Office of Policy and Management: The executive branch budget office. Develops forms and instructions to be used by state agencies in submitting their budget requests. Works closely with the Governor in developing his budget for presentation to the legislature.
Other Expenses: This appropriation is to be used for operating expenses of the agency as well as miscellaneous purposes not included in some other appropriation. The items charged to this appropriation are those under the headings of contractual services, commodities (supplies) and Sundry charges.
Personal Services: An appropriation common to a state agency is to be used only for actual direct personal services. All expenses changeable to this appropriation must be on a state payroll. Regular salaries, overtime, payments for vacation and sick leave, longevity and shift differential are examples of items covered by this account.

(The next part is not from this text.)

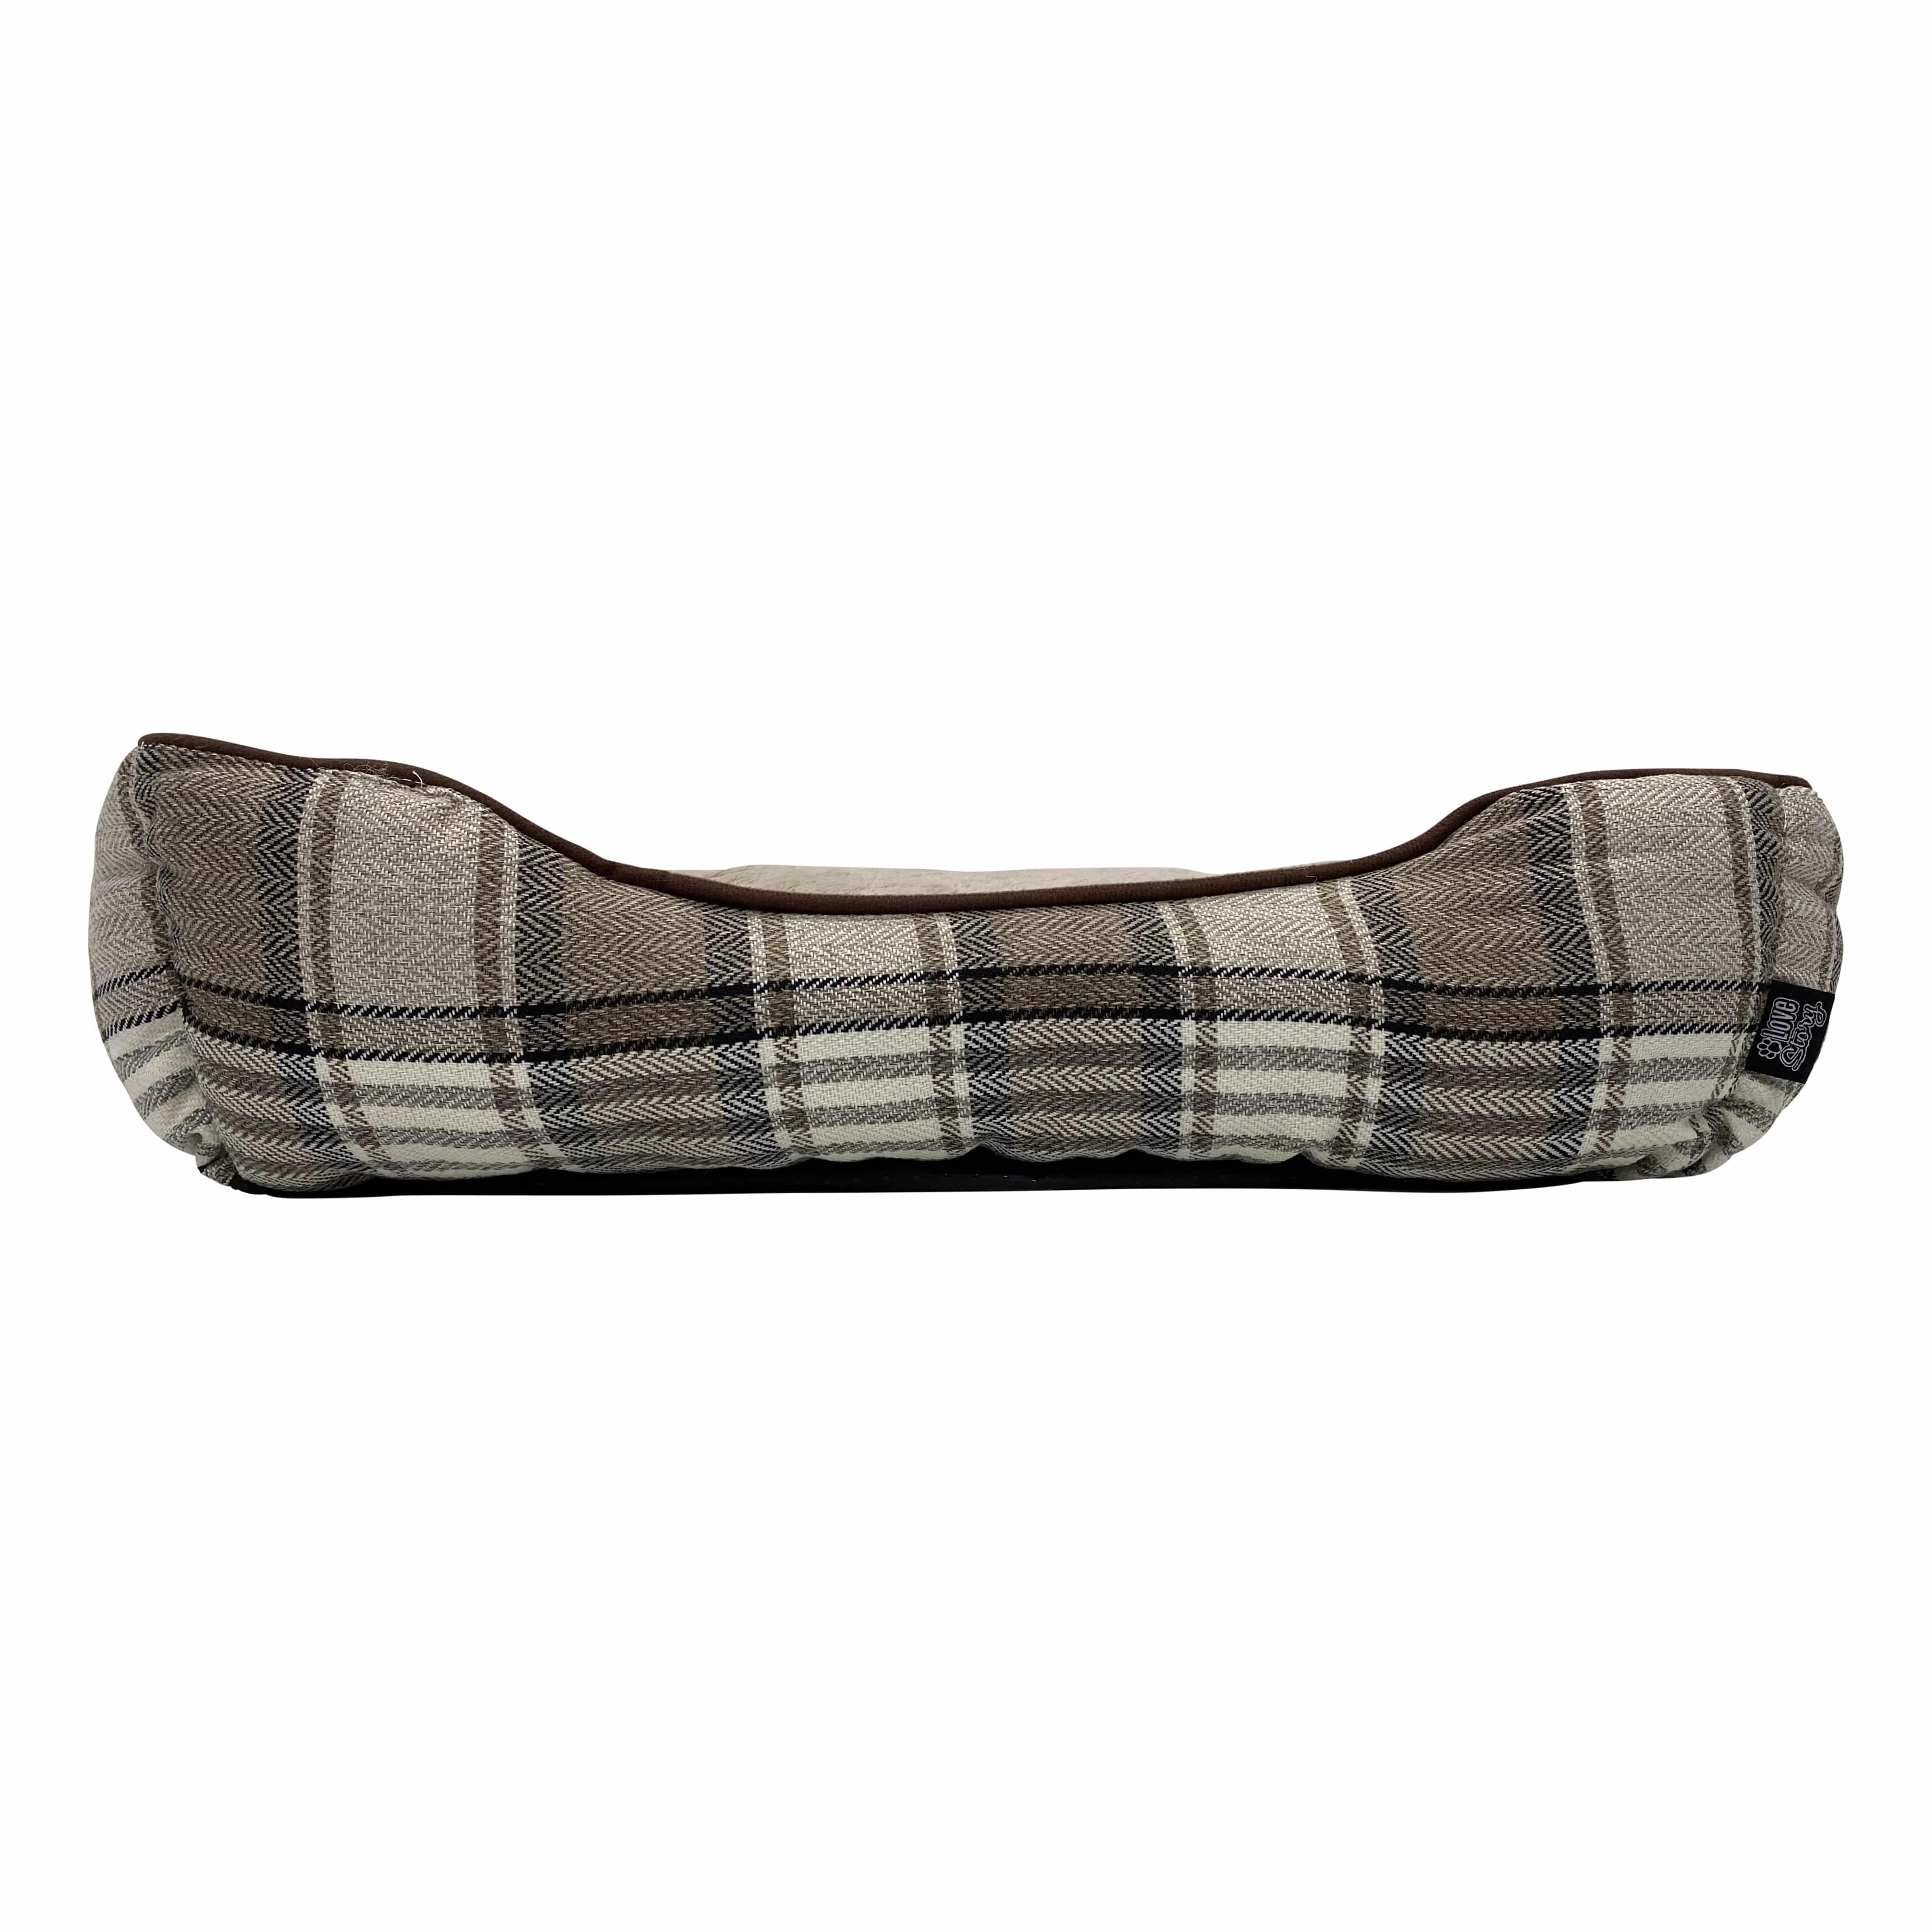 4Goodz hondenmand rechthoekig schotse ruit - 65x52 cm - Taupe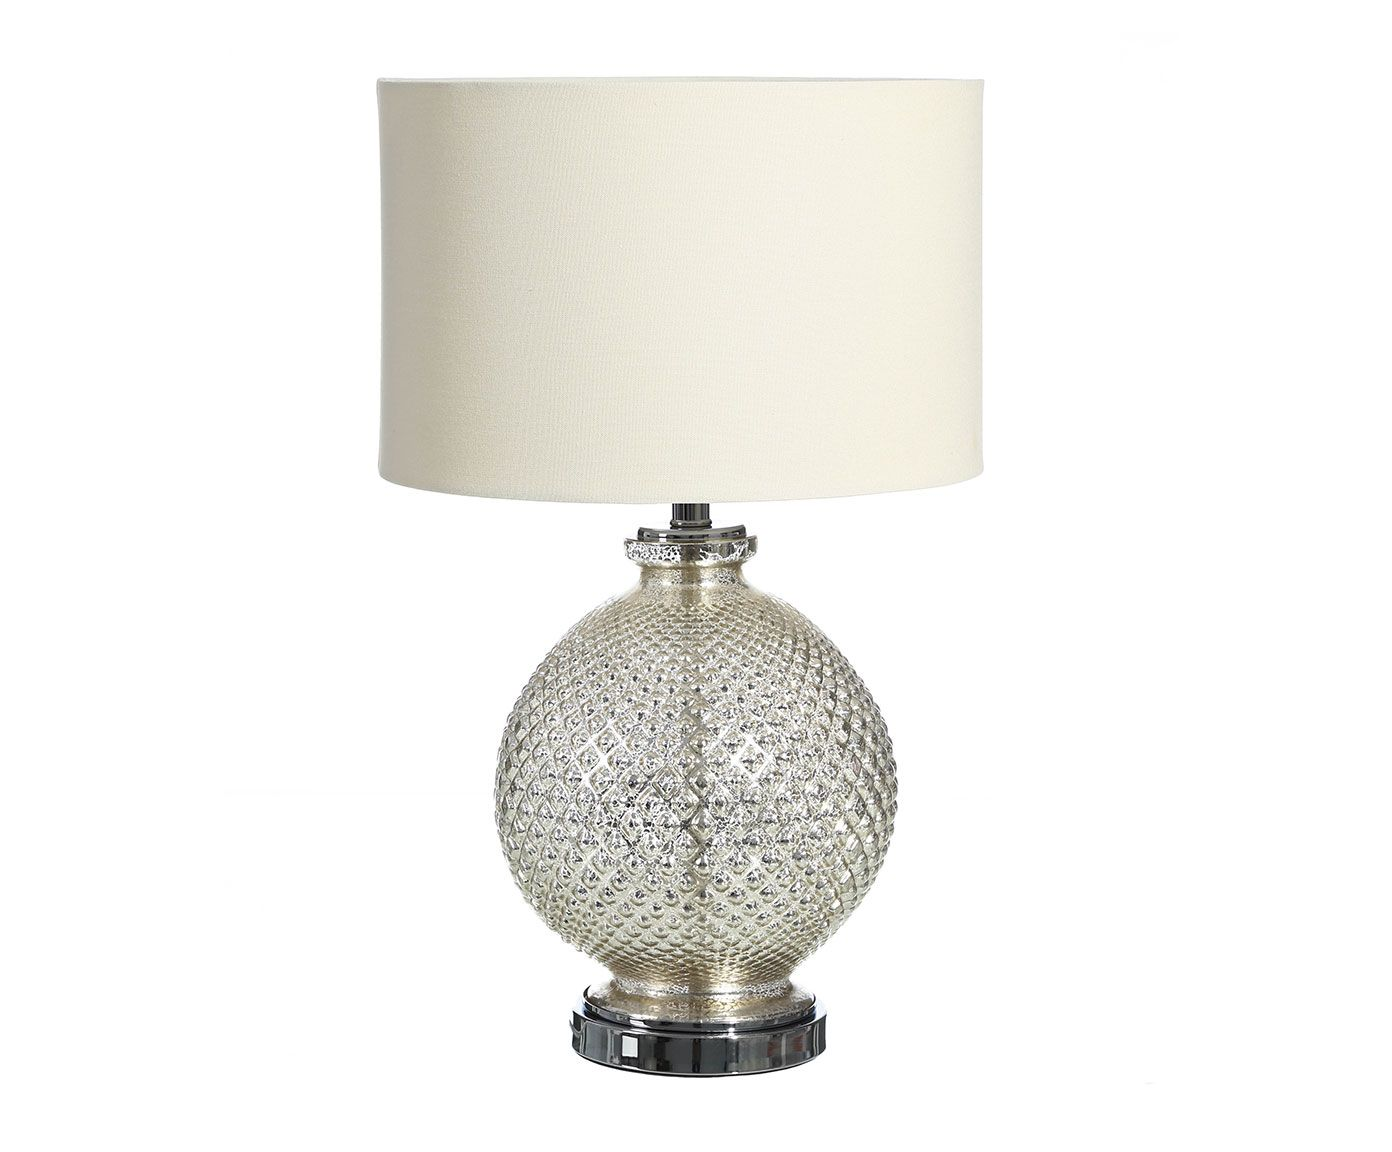 Lámpara de sobremesa Julieta, plateado - altura 26 cm | Westwing Home & Living

Program Budget: An estimate of proposed expenditures expressed as major programs of sub-programs of the budgeted agencies and the means of financing them. Includes program objectives, description of program, performance measures, and an explanation of significant program changes requested and recommended.
Reimbursement: Cash or other assets received as a repayment of the cost of work or services performed, or of other expenditures made for or on behalf of another governmental unit, fund or department.
Revenue: Additions to cash or the current assets which neither increase any liability or reserve nor represent the recovery of an expenditure.
Special Revenue Fund: Any fund which is to be used only in accordance with specific regulations, including any fund created by law authorizing and requiring the receipt of specific taxes or other revenues to be used to finance particular activities. (Examples: Transportation Fund, Soldiers, Sailors and Marines Fund, Regional Market Operating Fund, Higher Education Tuition Funds.)
Surplus: The excess of the assets of a fund over its liabilities or the excess of its resources over its obligations and reserves.
Transportation Fund: The operating fund of the State Transportation Department within which are financed the ordinary, everyday operations of the department plus debt service on bonds issued for transportation purposes, fringe benefits for DOT employees and other related costs.
Turnover: A reduction made in the personal services account of an agency based on the loss of employees through attrition (retirement, quits), replacing them with new employees at lower salaries and delays in filling vacant positions.